The resulting variable is expected to be RS free, to have easily interpretable units, and to be able to be analyzed like any other ordinal variable. Note that when the nonparametric method for anchoring vignettes is used in practice, several assumptions are made: First, the set of Zj must be strictly ordered, so that Z1 < Z2 < Z3 and unordered values (i.e., ranking inconsistencies, ties) are not allowed. Second, a set of vignette responses Zj are reflections of personal perception of “true” scale values (θj) underlying the vignettes, which means that vignette questions are assumed to be objective and invariant across respondents. Third, respondents evaluate vignette questions (Zj) based on the same latent trait as the self-assessment questions (Xi). And fourth, because the RS are applied at the respondent level, for the given latent trait, the same RSs affect all items in the same way, and the same transformation is conducted for all self-reports using rating scales.
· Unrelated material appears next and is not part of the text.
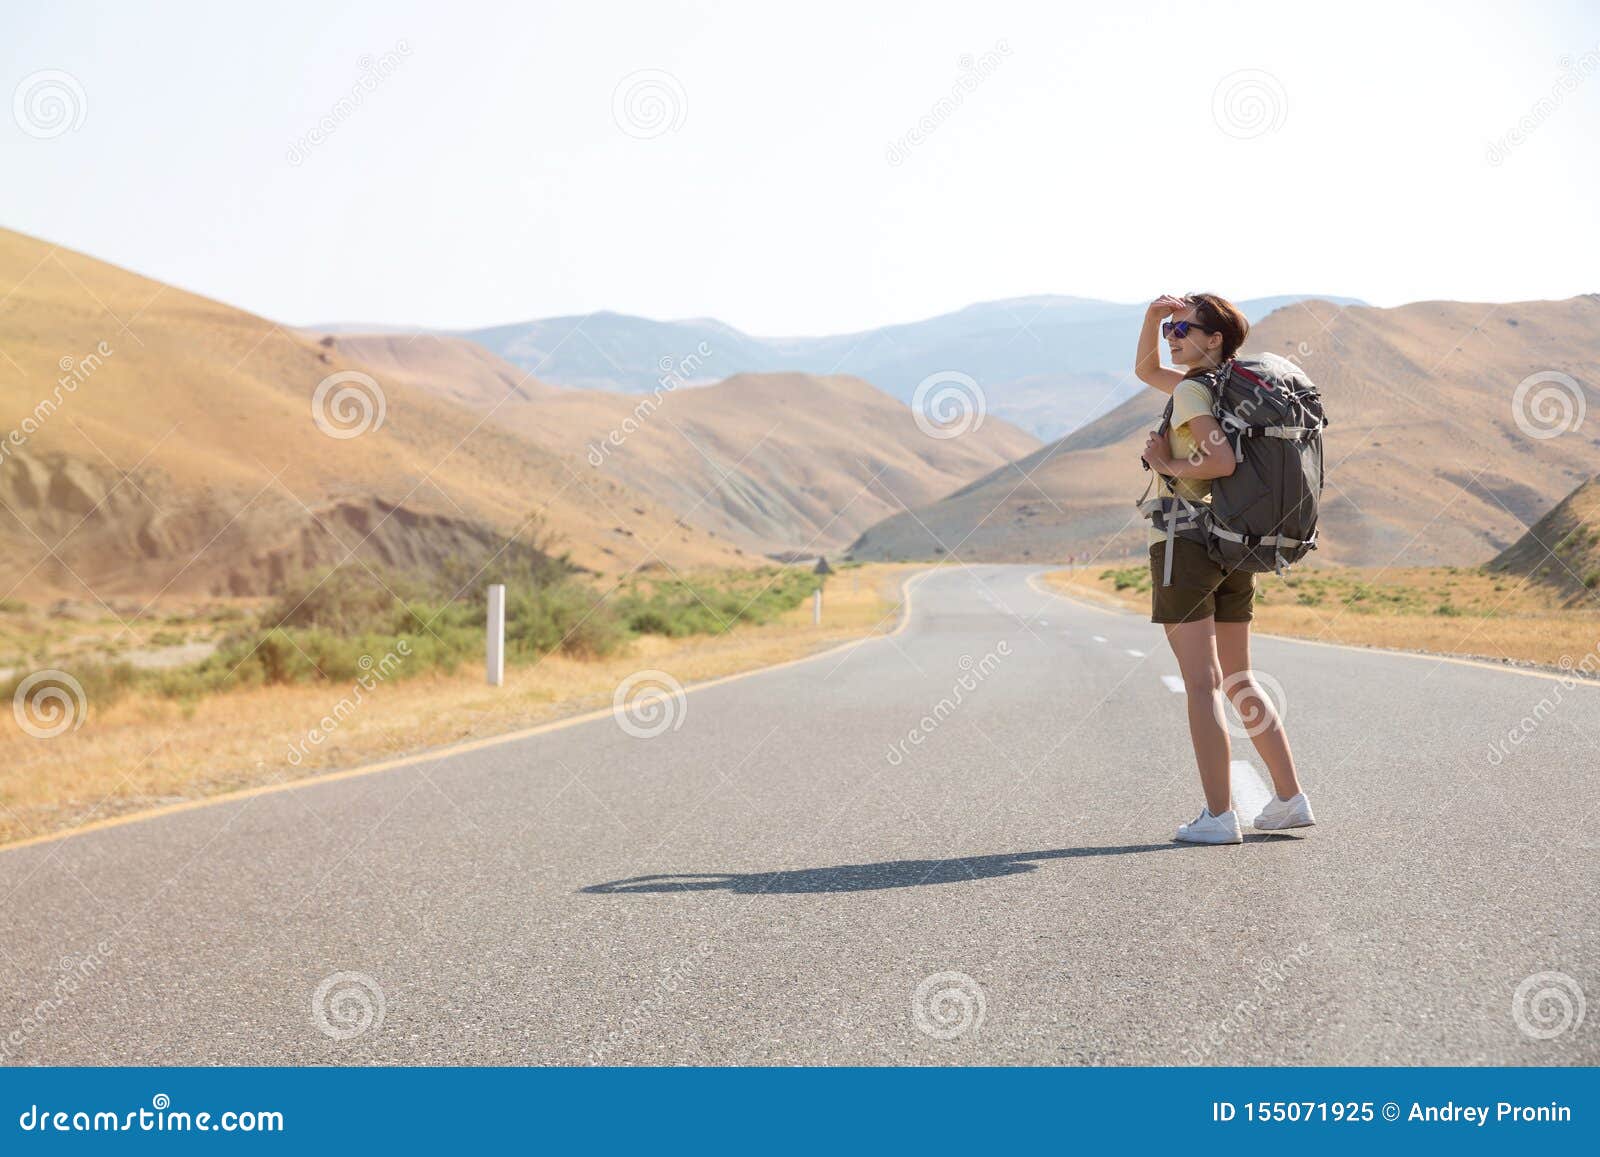 traveller on road

Among these, the combination of the first two assumptions is called “vignette equivalence” (between individuals) in the literature (King et al., 2004; King & Wand, 2007). This assumption requires that the levels intended in each vignette are understood in the same way on average by all respondents. For example, if there are three vignettes designed with the intent to illustrate a low, medium, and high level of motivation, the levels of motivation designed in vignettes should be understood correctly by all respondents and applied accordingly, except for random error and personal differences in choosing rating categories. Next, the combination of the third and the fourth assumption is called a (within-individual) “response consistency” assumption (King et al., 2004; King & Wand, 2007). It requires that each respondent uses the response categories in approximately the same way when he or she provides answers to the self-assessments and to the vignette questions. In addition, the same underlying latent trait is tapped into when respondents answer across vignette questions and self-assessment questions.
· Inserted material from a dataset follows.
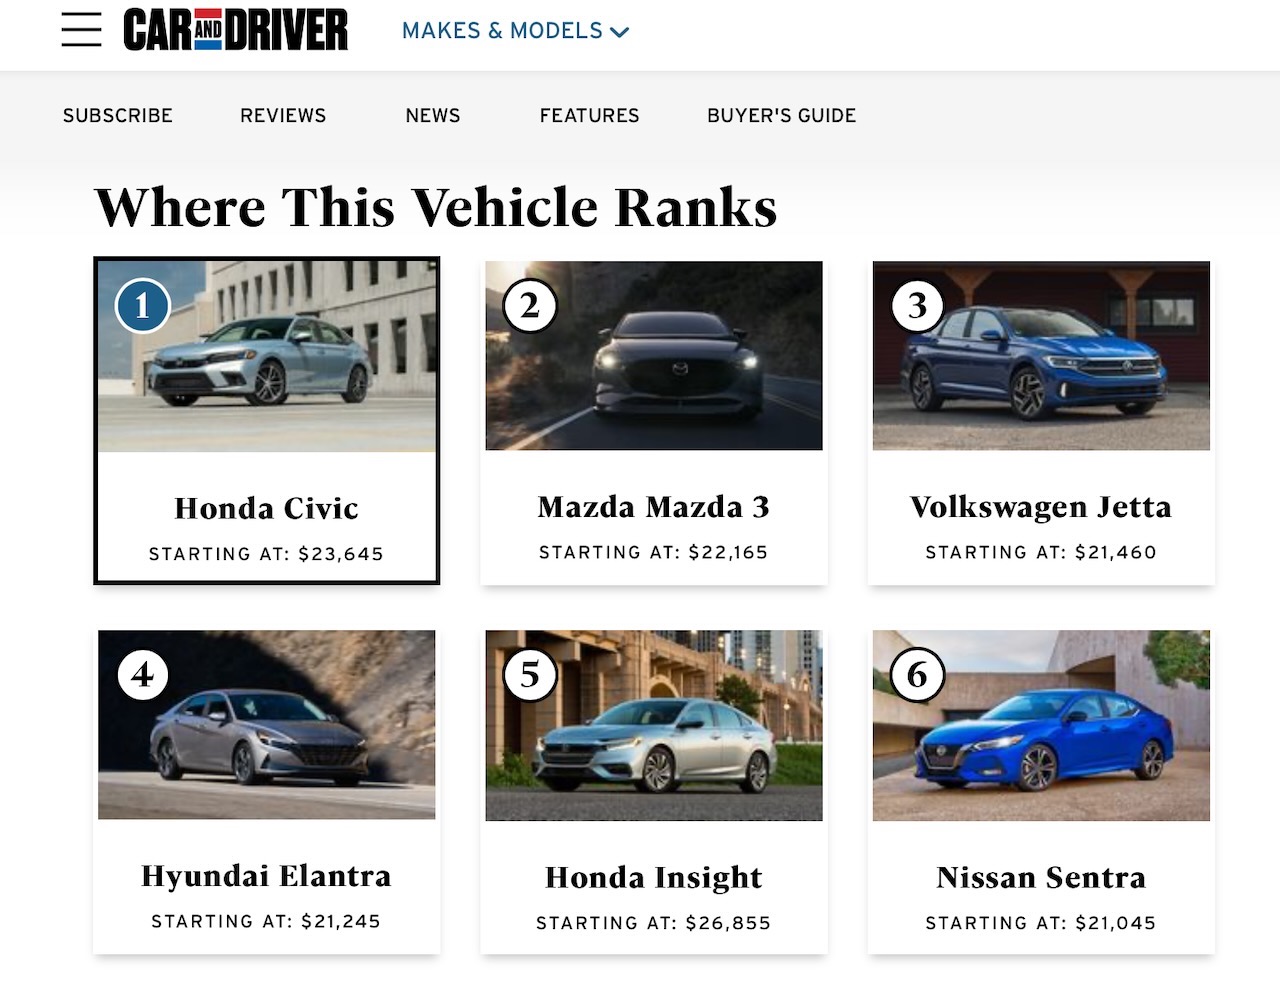 Car and Driver ranks Honda Civic #1

In summary, individual differences in responding to vignette questions are solely attributed to the RS. If the effects of RS (estimated from vignette questions) from the self-assessments are controlled for, then more genuine, RS-free responses should be obtained. However, those assumptions would be violated if (a) vignette questions cannot be objectively judged by respondents, or do not behave as expected, for example if ties or reversals are observed as opposed to eliciting only strictly ordered responses, and if (b) vignettes invoke other types of biases in some respondents (e.g., preference for the names or language used in the vignettes or desire for a respondent to represent themselves in a certain way when judging vignettes). As examples, tied or reversed responses to vignette questions have been observed, either due to poorly written or translated vignettes, or due to respondents’ lack of attention or ability to understand the vignettes (e.g., Kyllonen & Bertling, 2014; Mõttus, Allik, Realo, Pullman, et al., 2012; Primi, Zanon, Santos, De Fruyt, & John, 2016).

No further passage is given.